Bug 1866399 - must-gather pod retry interval (10 minutes) doesn't make sense
Summary: must-gather pod retry interval (10 minutes) doesn't make sense
Keywords:
Status: VERIFIED
Alias: None
Product: OpenShift Container Platform
Classification: Red Hat
Component: oc
Version: 4.5
Hardware: Unspecified
OS: Unspecified
low
low
Target Milestone: ---
: 4.6.0
Assignee: Sally
QA Contact: RamaKasturi
URL:
Whiteboard:
Depends On:
Blocks: 1859972
TreeView+ depends on / blocked
 
Reported: 2020-08-05 13:49 UTC by Yossi Segev
Modified: 2020-09-04 12:24 UTC (History)
8 users (show)

Fixed In Version:
Doc Type: If docs needed, set a value
Doc Text:
Clone Of:
Environment:
Last Closed: 2020-08-11 10:44:28 UTC
Target Upstream Version:


Attachments (Terms of Use)


Links
System ID Priority Status Summary Last Updated
Github openshift oc pull 527 None closed Bug 1866399: Shorten retry interval in must-gather 2020-09-22 18:08:39 UTC
Github openshift oc pull 545 None closed Bug 1866399: lessen retries in must-gather 2020-09-22 18:08:39 UTC

Description Yossi Segev 2020-08-05 13:49:47 UTC
Description of problem:
The must-gather and its pod are currently handled (in code) this way:
- The pod's init interval (i.e. interval for checking if the must-gather init container is in Running state) is 10 minutes
- The pod's timeout (timeout for the must-gather pod to be running) is 1 minute
And this setup makes no sense - the init interval should be smaller and more reasonable - something like 5 seconds.
This way every 5 seconds interval the init container will be sampled, and within 1 minute - both the init container is expected to finish, and the entire pod (the pod's copy container, to be exact) is expected to run.

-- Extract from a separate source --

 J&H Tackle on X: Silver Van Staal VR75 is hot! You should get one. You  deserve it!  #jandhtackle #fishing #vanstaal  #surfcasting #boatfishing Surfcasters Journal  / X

Version-Release number of selected component (if applicable):
$ oc version
Client Version: 4.5.0-rc.1
Server Version: 4.5.0-rc.5
Kubernetes Version: v1.18.3+f291db1


How reproducible:
This bug is not always seen, but when it is - the must-gather ends with EOF exception, and there's no output directory created.


Steps to Reproduce:
1. Run a simple must-gather action, e.g.:
$ oc adm must-gather --image=registry-proxy.engineering.redhat.com/rh-osbs/container-native-virtualization-cnv-must-gather-rhel8:v2.4.0 --dest-dir=/home/cnv-qe-jenkins/yossi/mg


Actual results:
It's environment dependent, but when the pod init time is too long - must-gather fails with EOF exception, and no data is collected.


Expected results:
Pod init interval should have a reasonable, much shorter value, to decrease the chance of must-gather to fail on timeout.


Additional info:
This was found when using a CNV (Openshift Virtualization) must-gather image, but was debugged (in bz#1859972), and found to be an issue that stems from the must-gather pod init retry interval, which is set and implemented in OCP.

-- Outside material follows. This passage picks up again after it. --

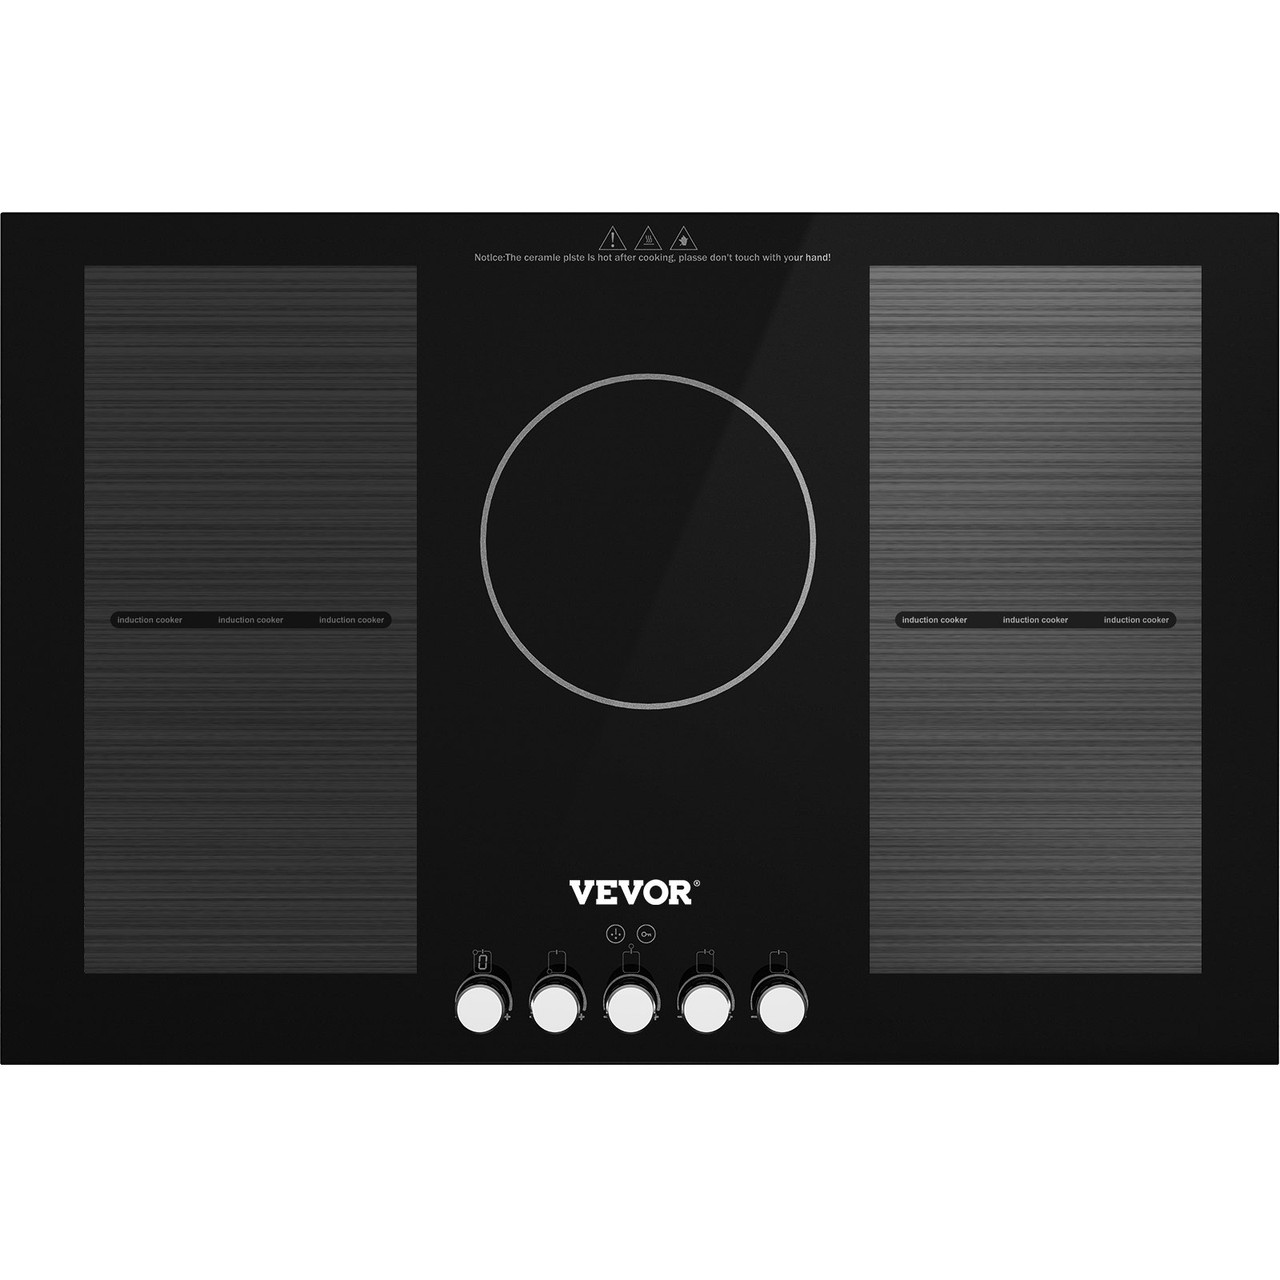 Built-in Induction Cooktop, 30 inch 5 Burners, 220V Ceramic Glass Electric Stove Top with Knob Control, Timer & Child Lock Included, 9 Power Levels with Boost Function for Simmer Steam Fry

Comment 1 Maciej Szulik 2020-08-11 10:44:28 UTC
The interval there is defaulted to 10mins, but a user can change at will through --timeout flag.

Comment 2 Yossi Segev 2020-08-11 12:38:40 UTC
It's true that this parameter is configurable, but I think it's configurable by mistake:
The help of the timeout parameter says:
      --timeout=600: The length of time to gather data, in seconds. Defaults to 10 minutes.

But what actually happens is that configuring this parameter doesn't affect the timeout to gather data - just the must-gather pod's *init interval*.
Clearly this is a bug: The user doesn't care what is the interval of the pod's init retries, but he does care on how much time he is willing to wait for data to be gathered.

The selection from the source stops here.